_YOUR GOAL:_ Go to the line below that contains "for 1 year old". From there to the end of the records, reproduce each line exactly, except the pictures.

(ENTRIES SUPPLIED begins)

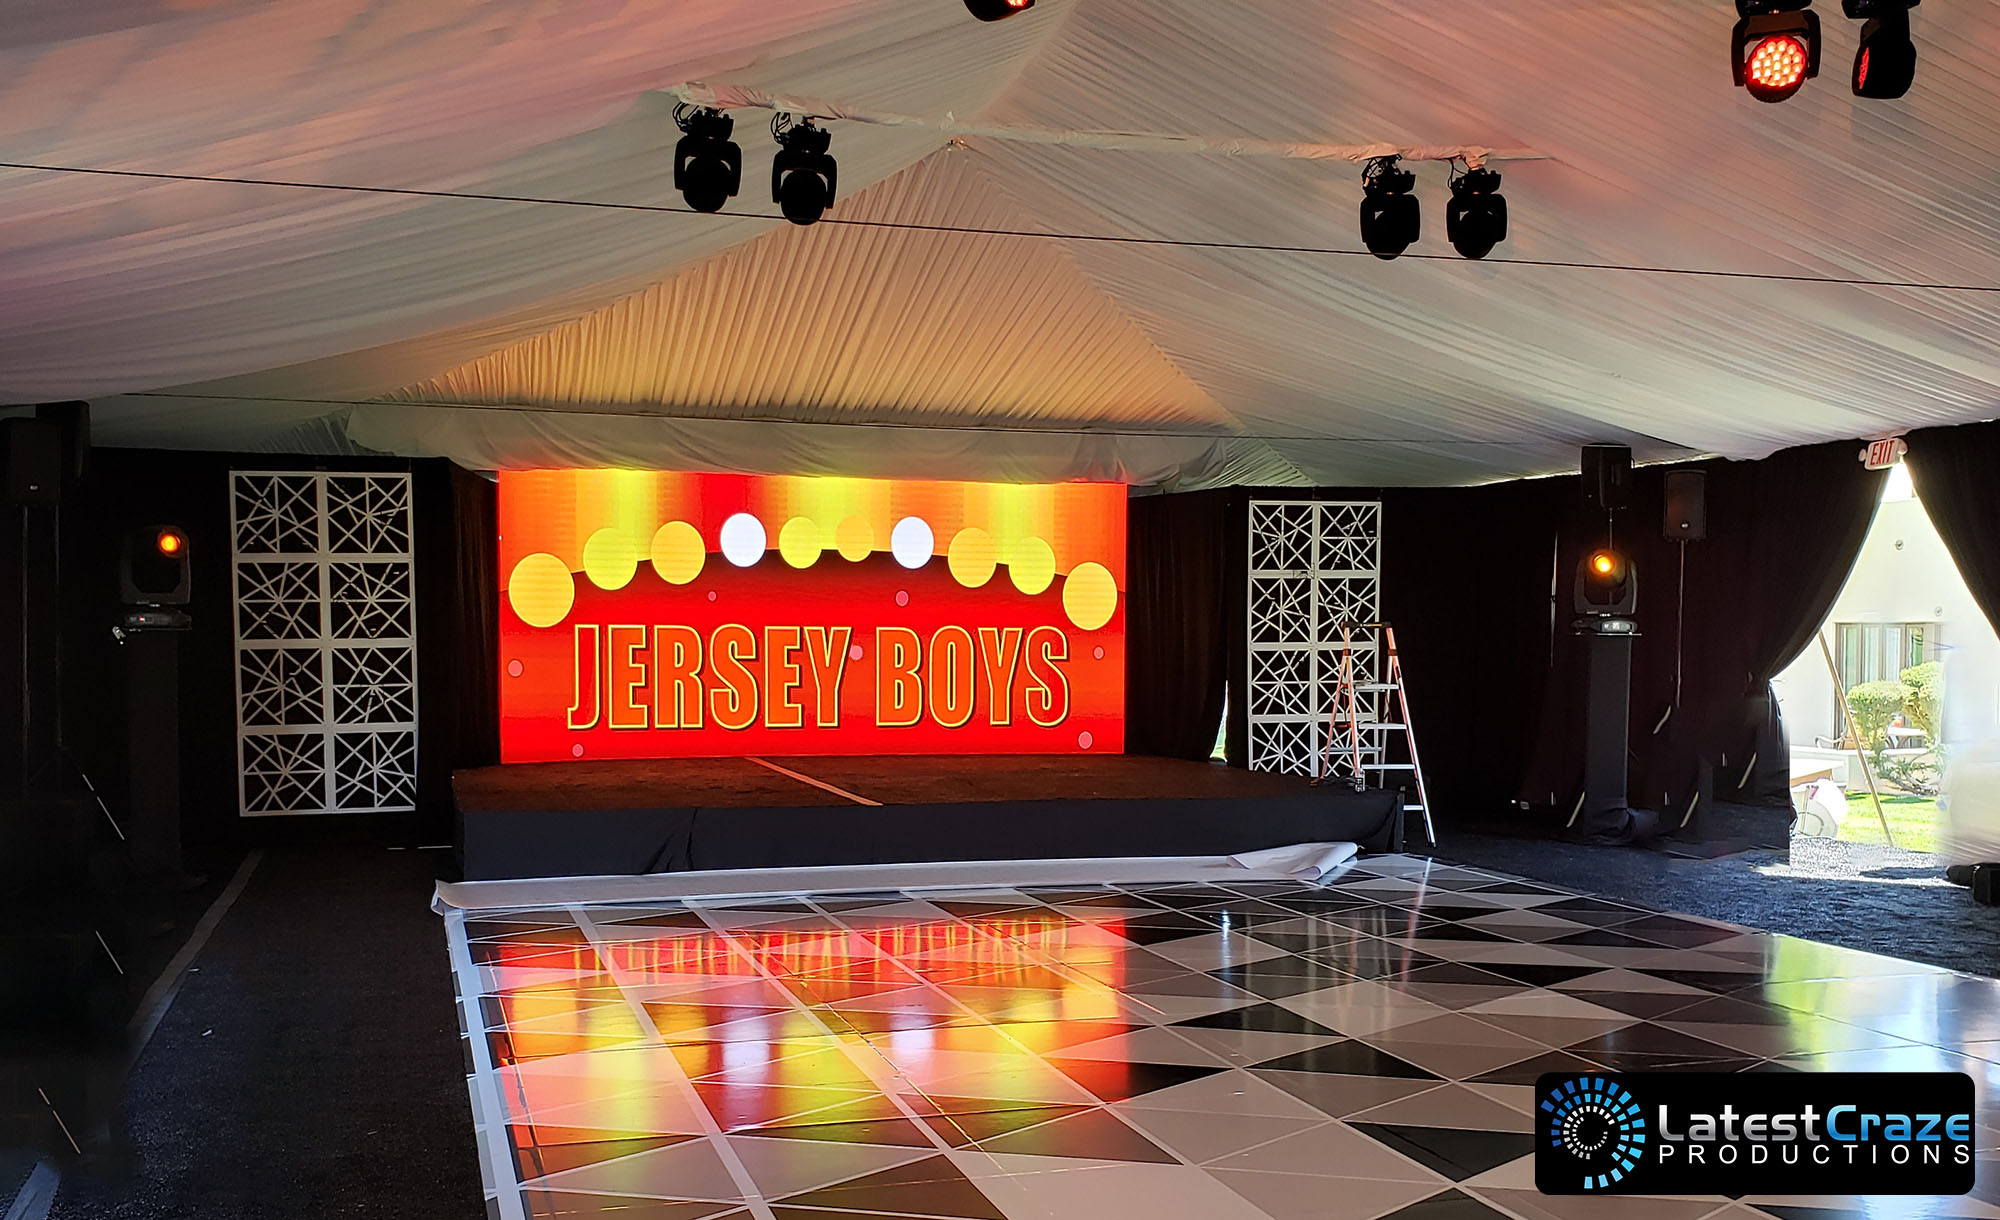 led video wall stage backdrop in tent Latest Craze Productions
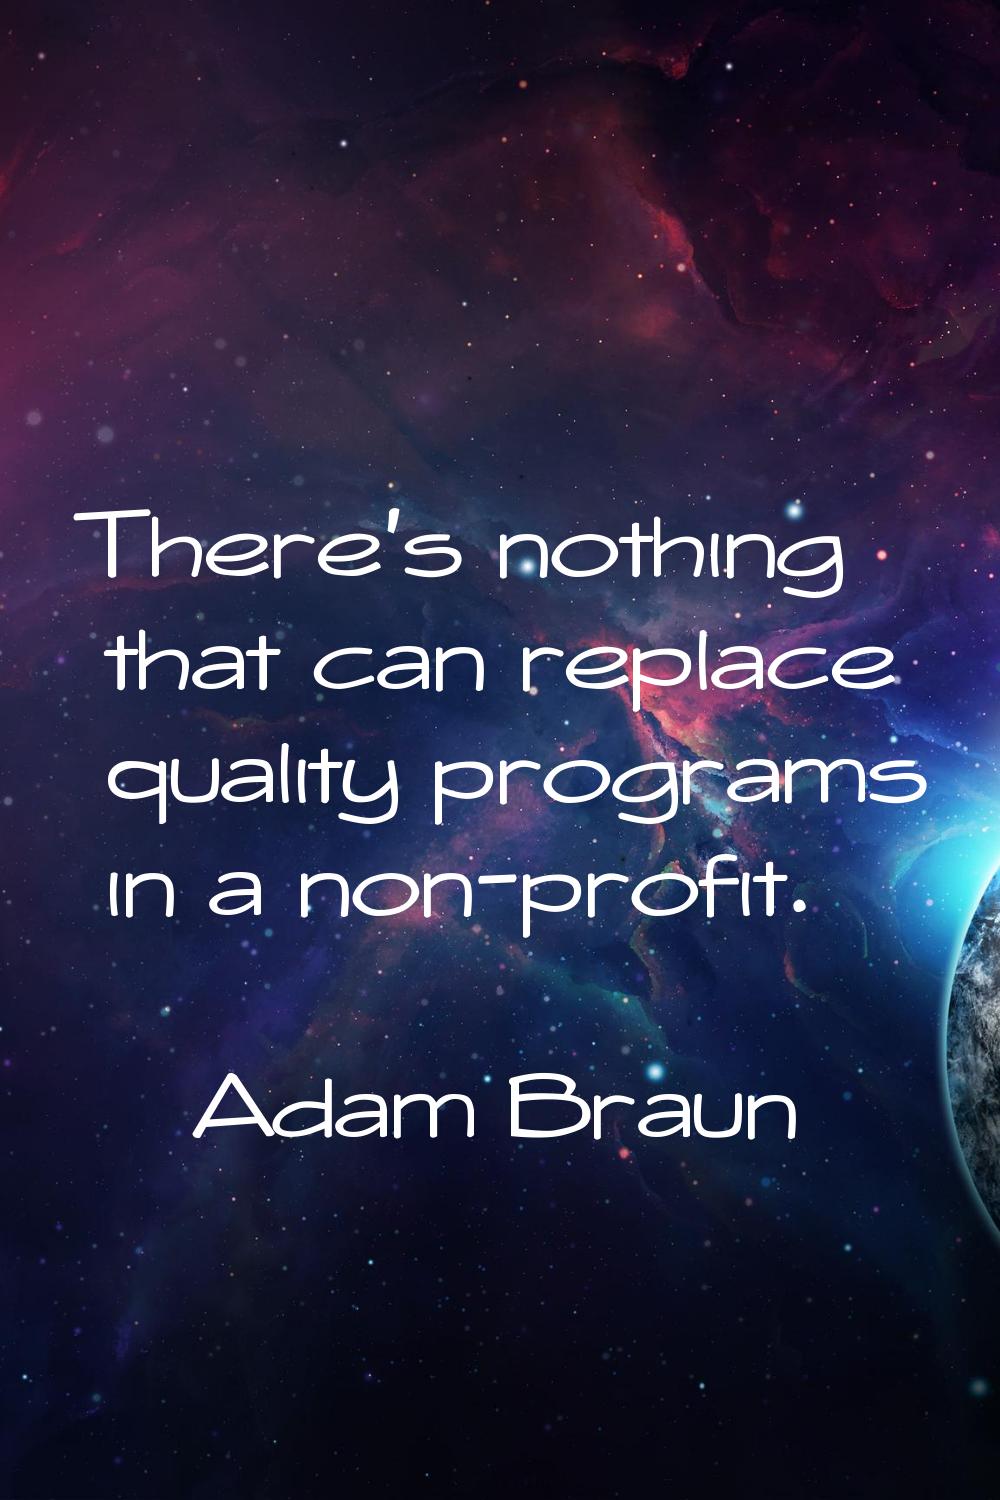 There's nothing that can replace quality programs in a non-profit.
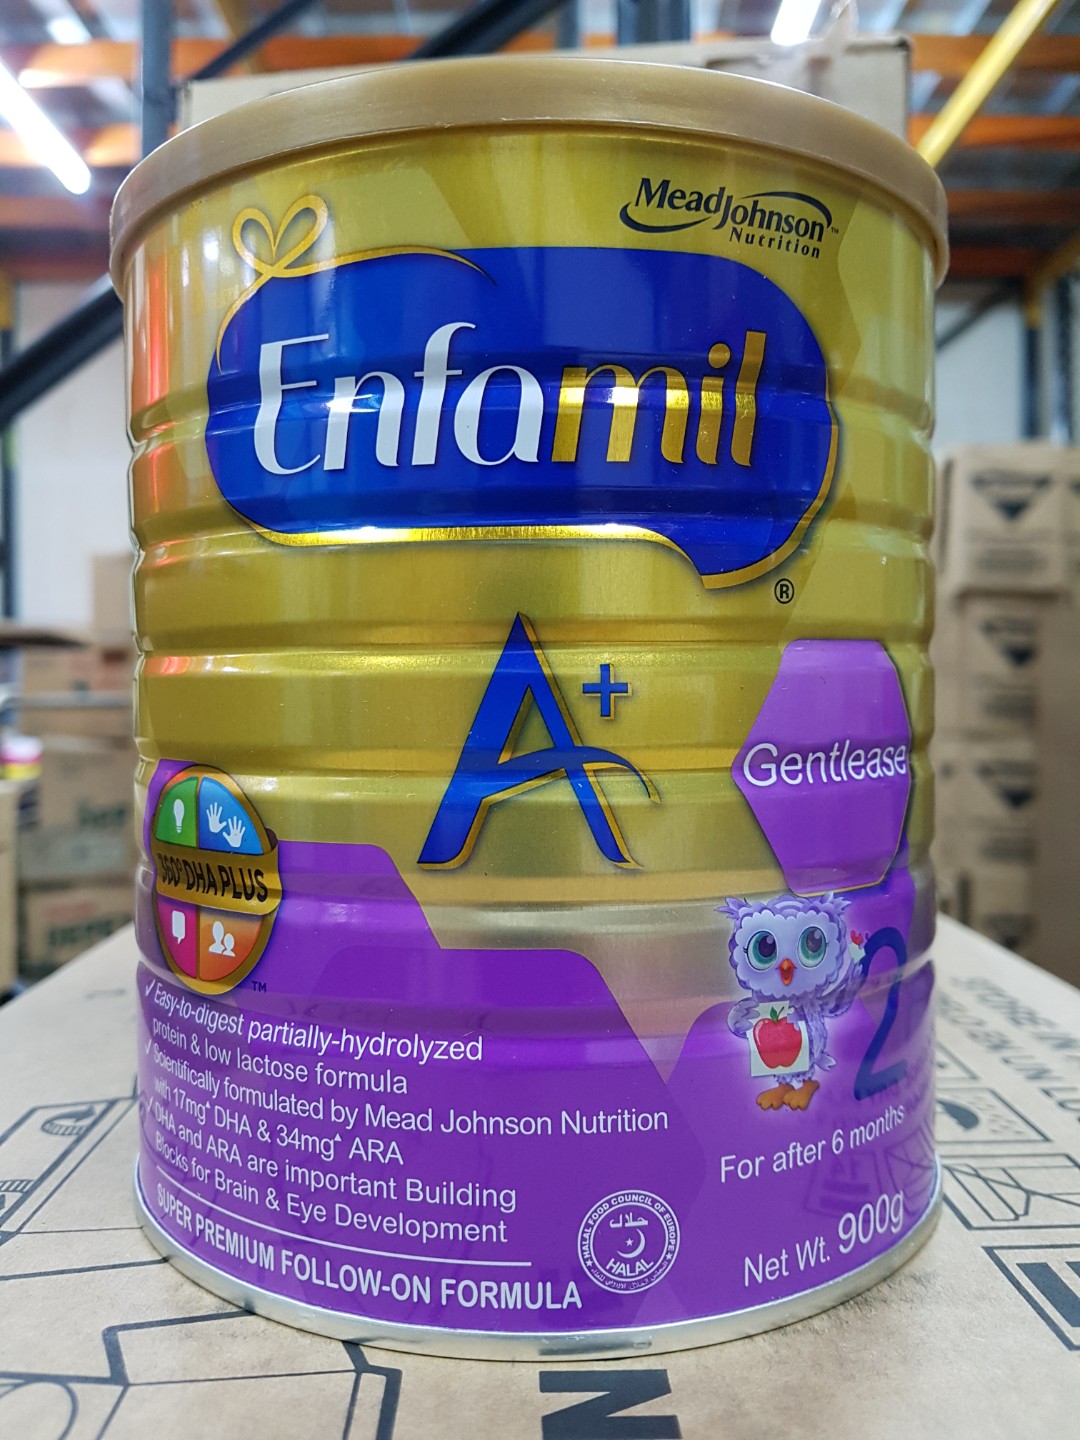 enfamil a  for 1 year old
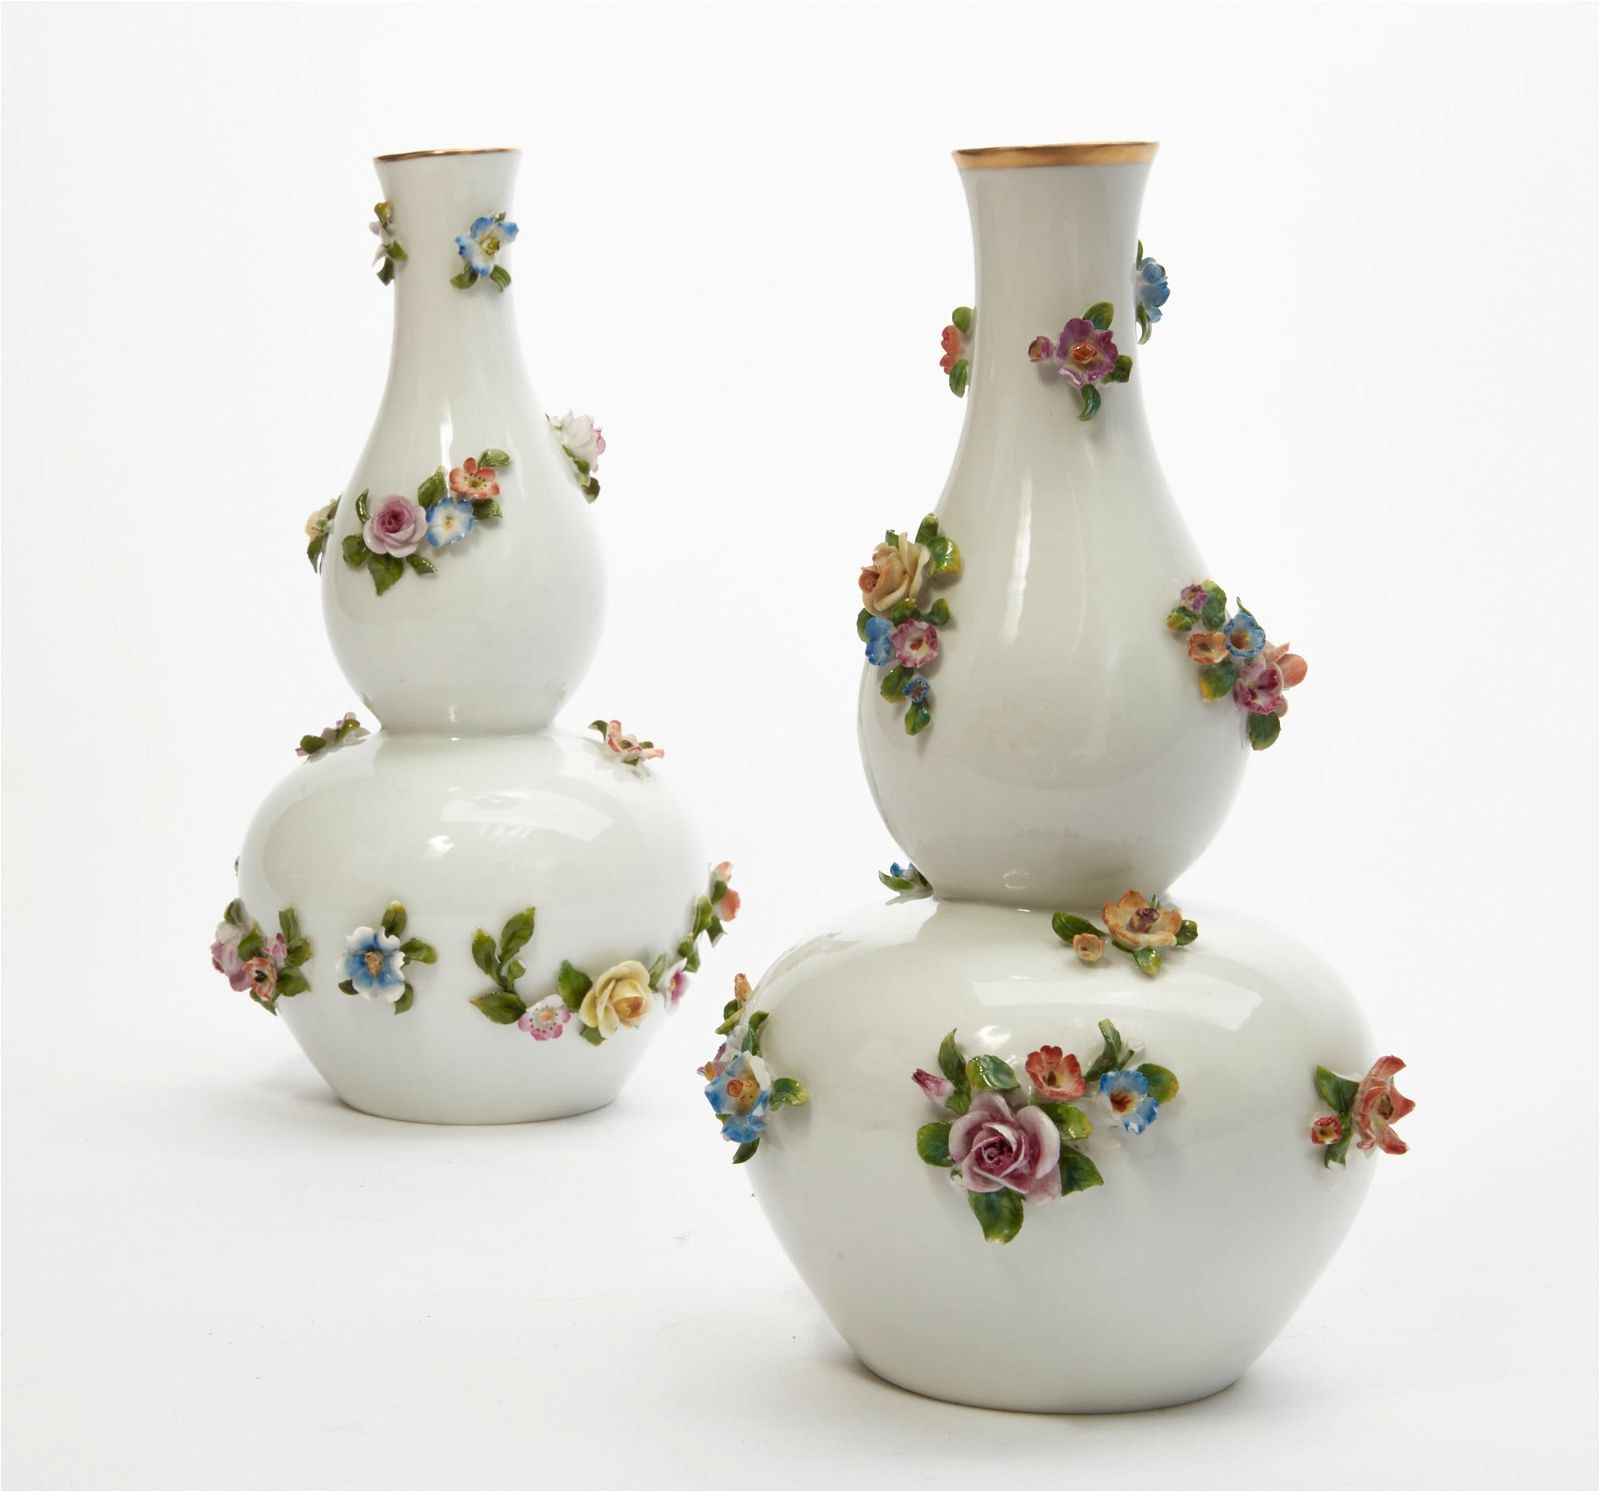 A PAIR OF GERMAN (VOLKSTEDT) PORCELAIN
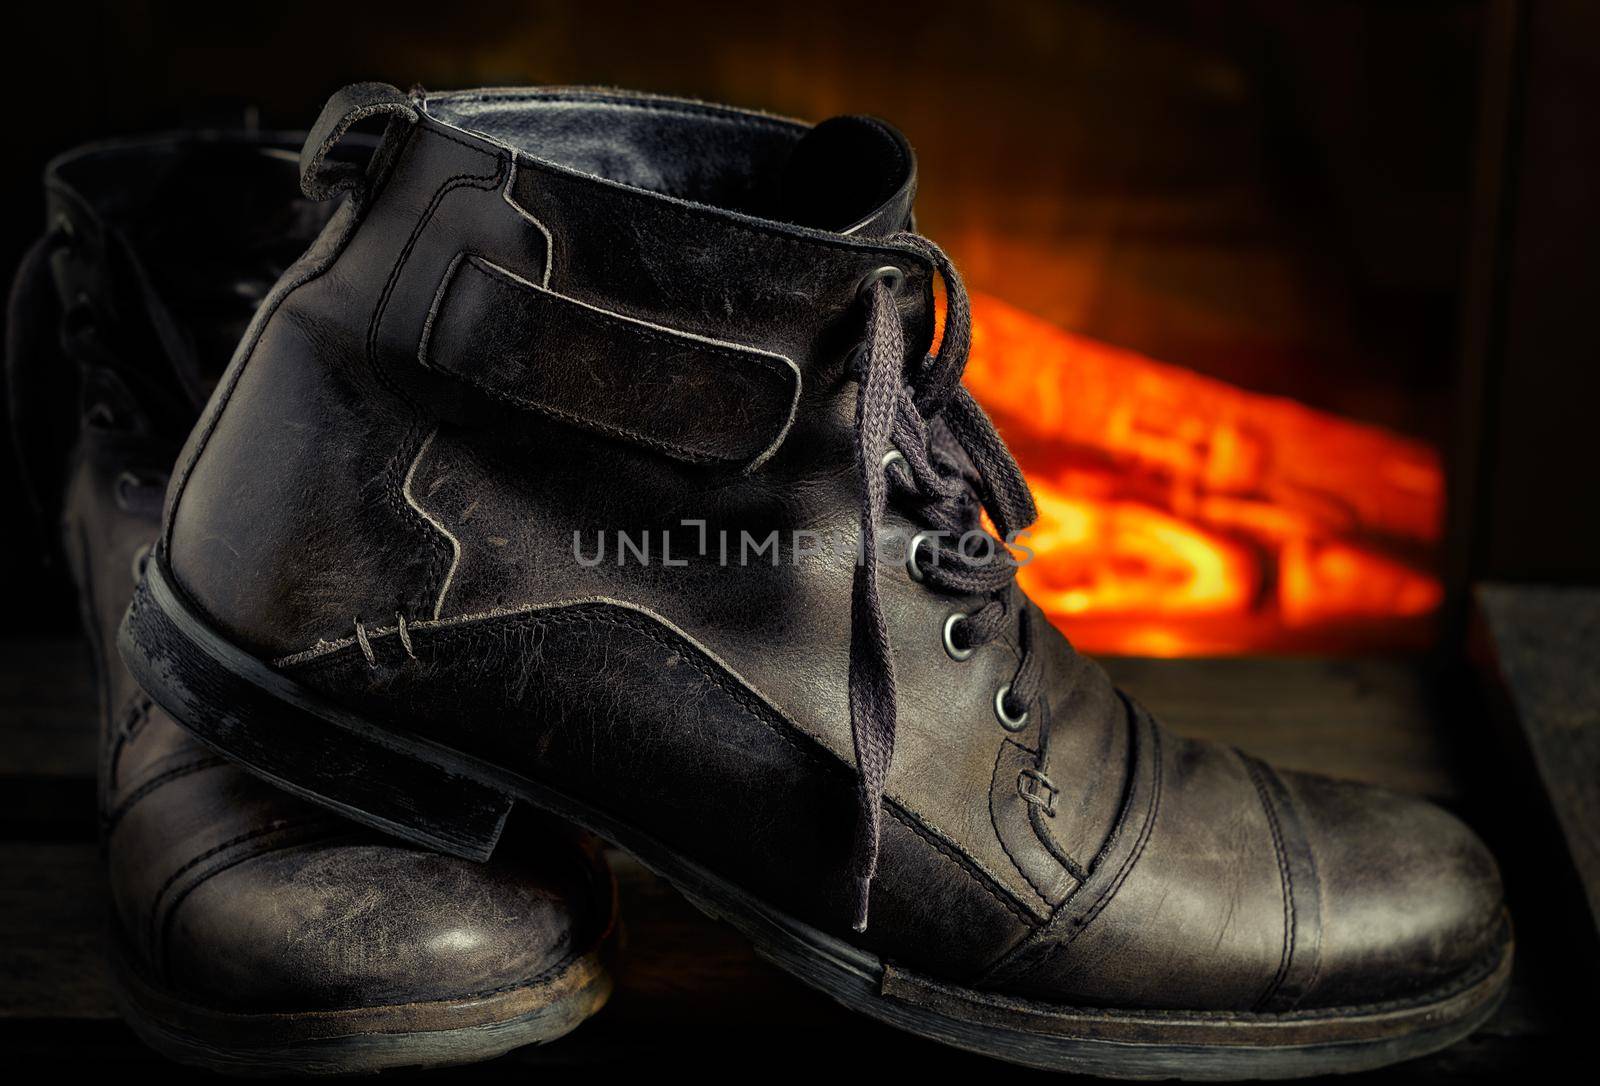 Casual gray leather shoes for men on wooden board with fireplace in the background. Dark mood style. Horizontal image.

(ENTRIES SUPPLIED ends)

_TASK OUTPUT:_
 enfamil a  for 1 year old
 A PAIR OF GERMAN (VOLKSTEDT) PORCELAIN
 Casual gray leather shoes for men on wooden board with fireplace in the background. Dark mood style. Horizontal image.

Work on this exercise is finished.